Я пытаюсь создать параллельную версию алгоритма Кана с использованием OpenMP. Потому что я новичок в OpenMP, я не знаю, правильно ли я распараллелил. Псевдокод, из которого я черпал вдохновение, выглядит так:
L ← Empty list that will contain the sorted elements
S ← Set of all nodes with no incoming edge
while S is non-empty do
remove a node n from S
add n to tail of L
for each node m with an edge e from n to m do
remove edge e from the graph
if m has no other incoming edges then
insert m into S
if graph has edges then
return error (graph has at least one cycle)
else
return L (a topologically sorted order)
Моя проблема в том, что моя последовательная версия, такая же, как и ниже, за исключением команд прагмы и команд, связанных с потоками, работает быстрее, чем моя параллельная версия. Я измеряю время с помощью функции gettimeofday (). Что-то не так с моим кодом?

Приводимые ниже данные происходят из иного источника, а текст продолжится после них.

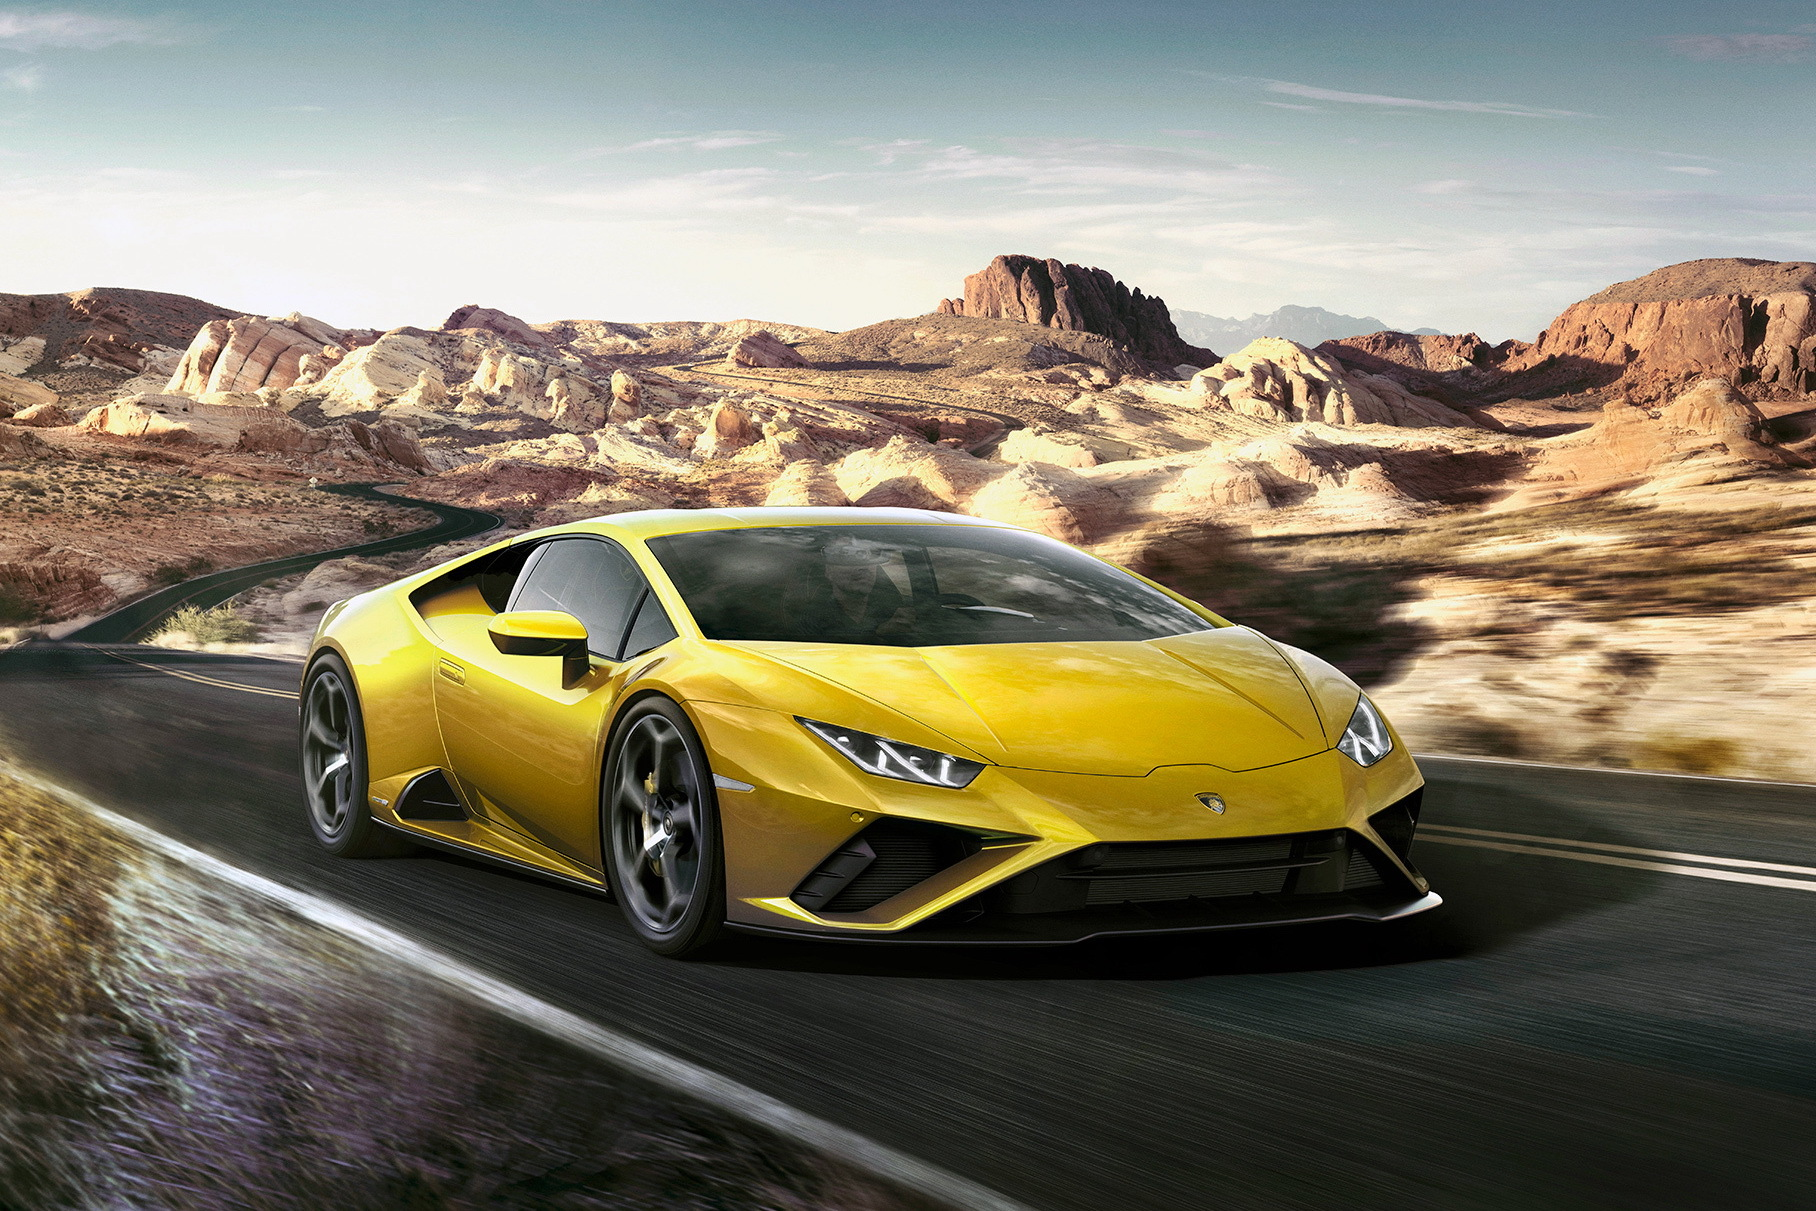 Lamborghini huracan lp 610-4: цена, фото

Я также скомпилировал код, используя -O0 и -O3 в обоих случаях.
void TopSort(int rows, int columns, int matrix[][columns], list graph[], list S[], int L[]){
int i, j, sum_S = 1, count = 0, k = 1;
int start, end, threads, elements, id;
while(sum_S != 0) //While S is non - empty do
{
printf("\n\n--------- Iteration no. %d ---------", k); //Print the iteration number
k++;
for(i = 1; i < rows; i++){ //With each iteration
int sum = 0; //we calculate the new degree of each node after deletion
for(j = 1; j < columns; j++)
sum = sum + matrix[j][i];
if(graph[i - 1].id != 0) //If the node hasn't been deleted
graph[i - 1].degree = sum; //We update the degree
}
printf("\nGraph: \n"); //and print the graph
print(graph, rows);
sum_S = 0; //We set the sum_S to 0 to calculate it with the remaining nodes
#pragma omp parallel num_threads(4) shared(rows, columns, S, L, graph, matrix, count) private(i, id, threads, elements, start, end)
{
id = omp_get_thread_num();
threads = omp_get_num_threads();
elements = (rows-1)/threads;
start = elements*id;
if(id != (threads - 1))
end = start + elements;
else
end = (rows-1);
for(i = start; i < end; i++)
#pragma omp critical
if(graph[i].degree == 0){ //If there is a node with no incoming edges
#pragma omp task
{
printf("thread %d of %d entering critical region\n", id, threads);
S[count].id = graph[i].id; //add it's id to S
S[count].degree = graph[i].degree;//and the appropriate degree
L[count] = S[count].id; //and add the node from S to L
graph[i].id = 0; //Delete the node from the graph list
graph[i].degree = INT_MAX; //and set it's degree to infinity(INT_MAX)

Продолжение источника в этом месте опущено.